Through their troubles, they had spoken with Bishop Terry Elkington of Salt Lake City’s Old Catholic Fellowship Church, who had planned to help the Catholic couple tie the knot.
“Beverly’s greatest wish was to legally marry Bonnie,” Elkington said. “The three of us had talked about it a lot before Beverly took a turn for the worst. They were so close and perfect for each other.”
Later in 2016, Grossaint, a former smoker, was struggling with health problems of her own, including vision loss, chronic heart failure and emphysema. In and out of the hospital for two years, she ended up in intensive care in the spring with trouble breathing, and doctors said there was nothing more they could do.
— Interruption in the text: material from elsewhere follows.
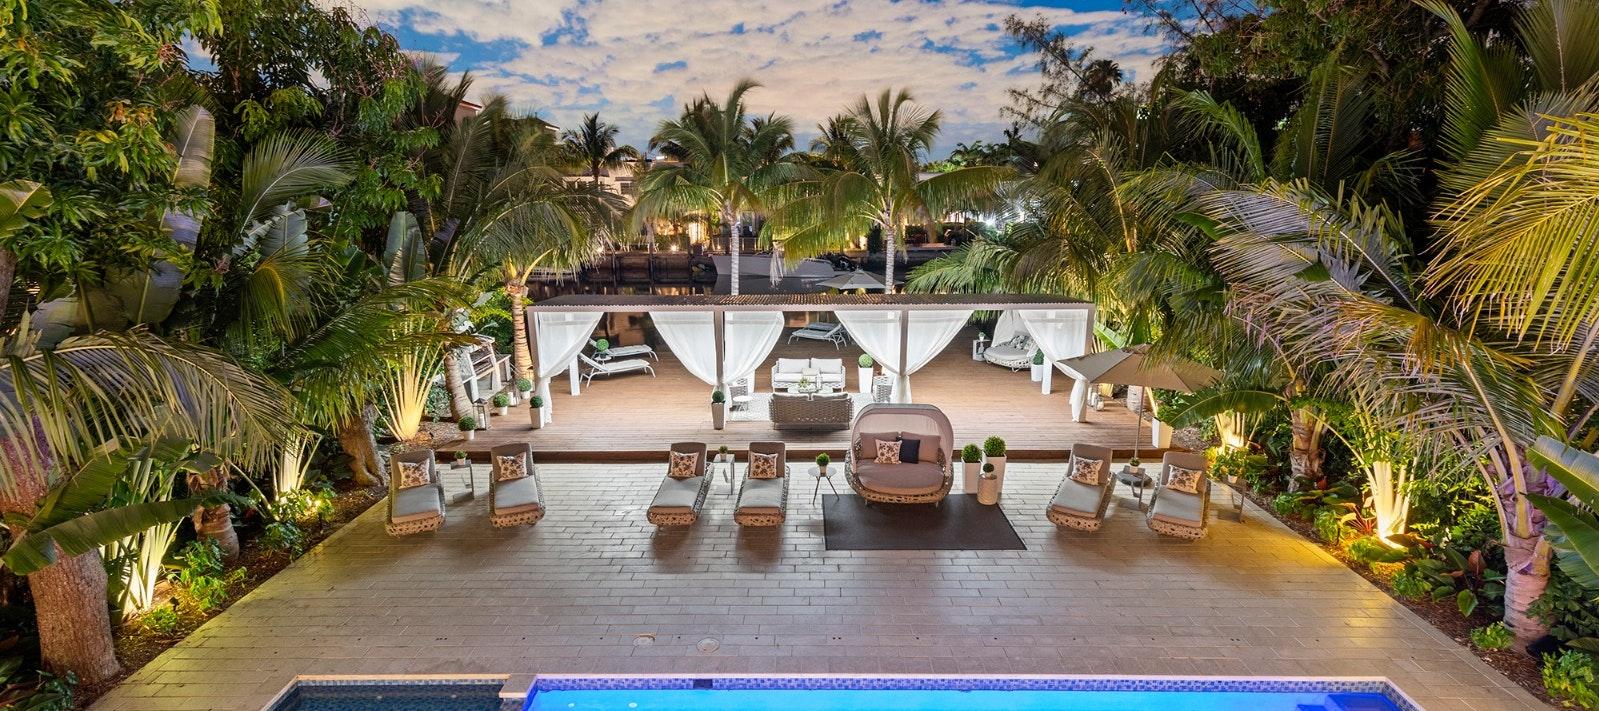 Villa Forge luxury rental in Miami Beach
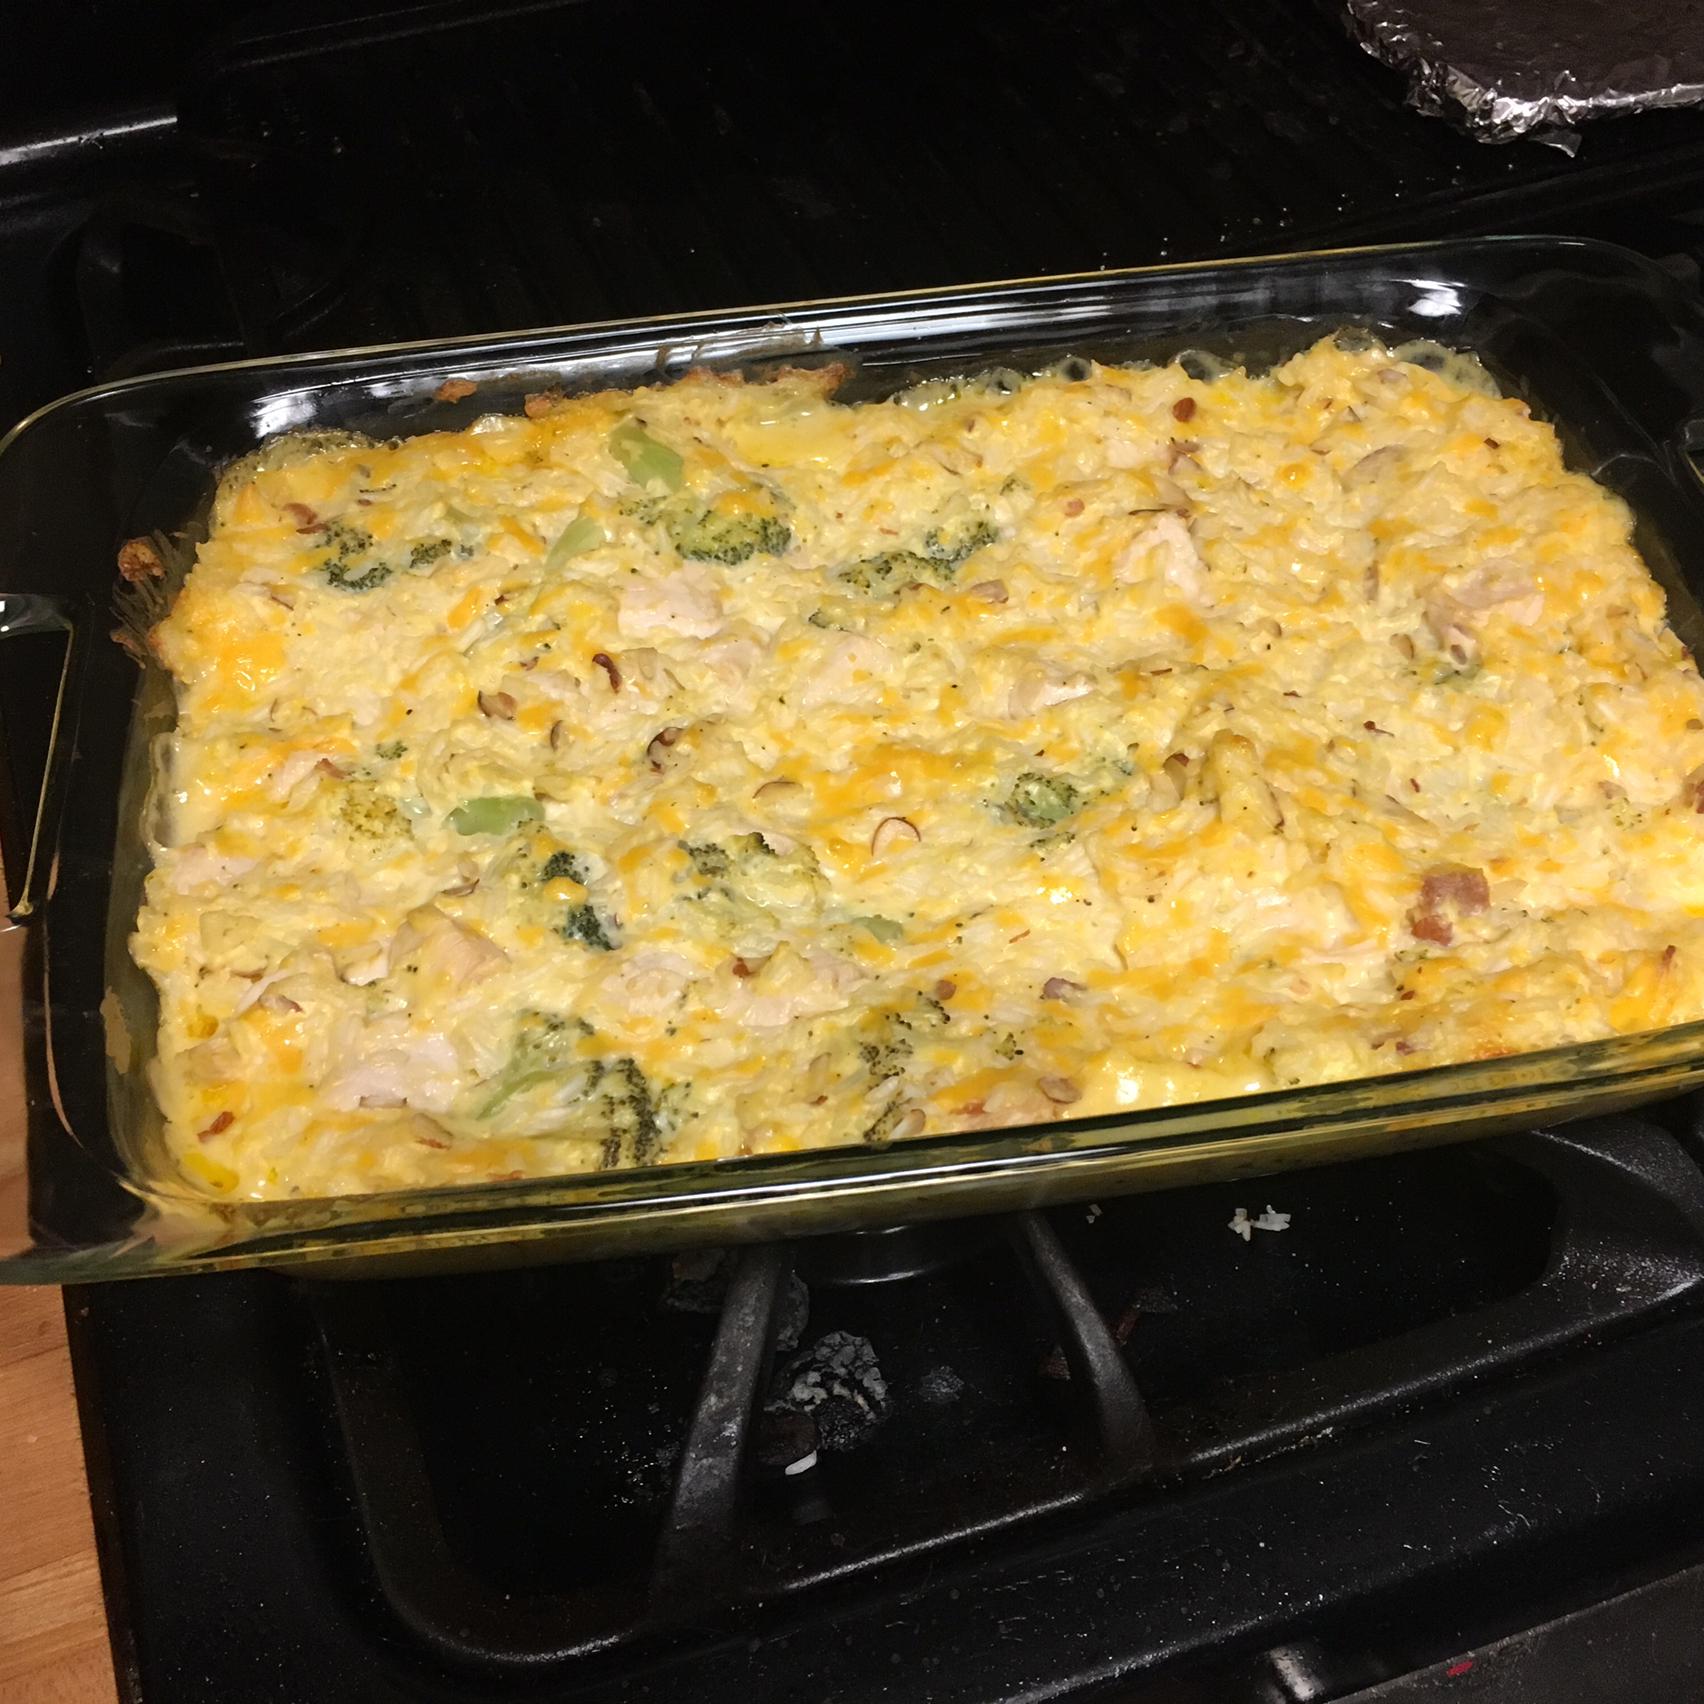 Easy Chicken and Broccoli Casserole Rachel Liptrap

Foerster got a call from the hospice center saying it was time for her to come say her final goodbye.
“When she heard my voice in the room, she asked me to go,” recalled Foerster emotionally, “because she didn’t want me to see her dying. She wanted me to remember the good times, the happy times. But every day was a good time and a happy time with Bevvie. So I stayed.”
Positioning her wheelchair next to Grossaint’s bed, Foerster held her hand tightly and sang “Day by Day” — the song from the “Godspell” musical that they had made theirs after hearing it on the radio in 1972.
Then she recalled telling Grossaint: “I want to thank you for every second of our lives. Every moment that we shared, every argument that we had, every bill that we paid together. I will never forget you. I love you more than words can say.’”
Because her wheelchair prevented her from leaning over to kiss Grossaint goodbye, she wiped the tears from her longtime love’s eyes.
Grossaint softly responded, “Oh, Bon, I will be waiting for you with open arms, and I will hold you eternally,” Foerster said.
Foerster, who lives in an assisted living center, was planning a memorial service for Sept. 15 but will now combine it with a “wedding celebration” party in honor of the judge’s ruling.
“I’m going to get a tattoo right above my heart with Bev’s name, a rose and a miniature heart,” Foerster said. “I know it will hurt like hell, but Bev’s worth it.”